The set of columns that results from a concatenation along the row axis is the result
of relational algebra across the names of the columns. In this default scenario, the
resulting column is the union of column names from each DataFrame . This can be
changed to an intersection using the join parameter. The following command makes
the set of resulting columns the intersection of the column names by specifying
join='inner' :

In [46]:
pd.concat([msftAV[:3], applA[:3]], join='inner')

Unnamed: 0_level_0,Adj.
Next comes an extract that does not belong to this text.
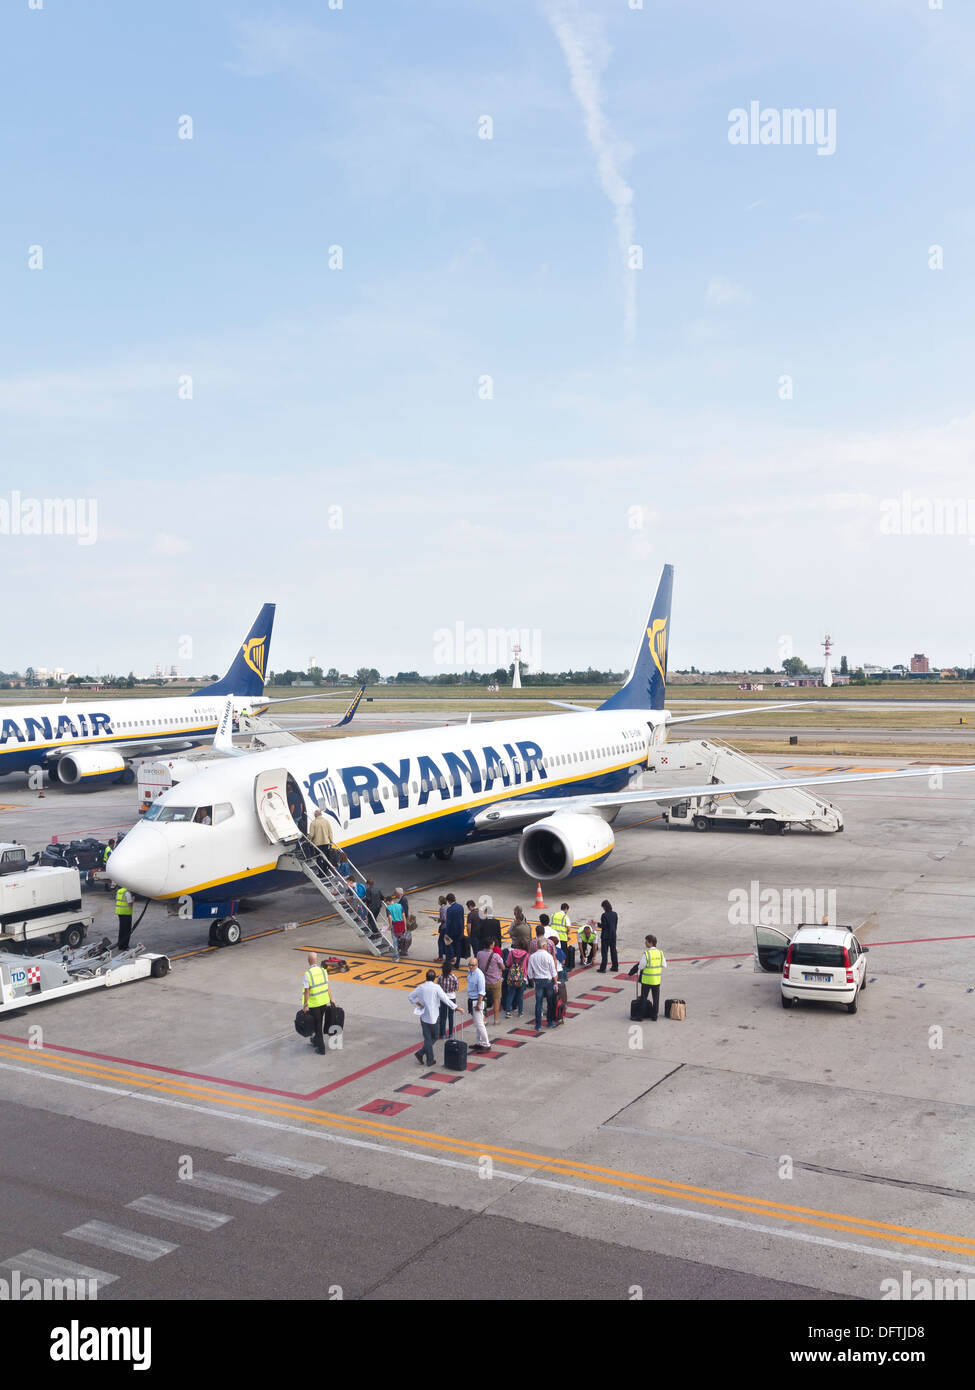 Passengers boarding a Ryanair flight, Bologna airport, Italy - Stock Image

Close
Date,Unnamed: 1_level_1
1986-03-13,0.06472
1986-03-14,0.067031
1986-03-17,0.068187
1980-12-12,0.422706
1980-12-15,0.400652
1980-12-16,0.371246




> We can change the axis for concatenation to the columns using axis=1 :

In [52]:
msftA = msft[['Adj. Close']]
closes = pd.concat([msftA01[:3], applA01[:3]], axis=1)
closes

Unnamed: 0_level_0,Adj. Close,Adj. Close
Date,Unnamed: 1_level_1,Unnamed: 2_level_1
2012-01-03,22.792249,52.848787
2012-01-04,23.332995,53.132802
2012-01-05,23.571435,53.722681




> Note that this DataFrame has two Adj Close columns and only consists of 3 rows
(the concatenation along axis=0 has 6 ). Because of the use of axis=1 , the union of
the index labels is derived instead from the column names, and the columns are copied
one by one in an orderly manner from the DataFrame objects, including duplicates.
It is also possible to concatenate with multiple columns where the DataFrame objects
do not have the same set of index labels. The following command concatenates the
first five msftAV values and the first three applAV values:

In [56]:
pd.concat([msftA01[:5], applA01[:3]], axis=1, keys=['MSFT', 'APPL'])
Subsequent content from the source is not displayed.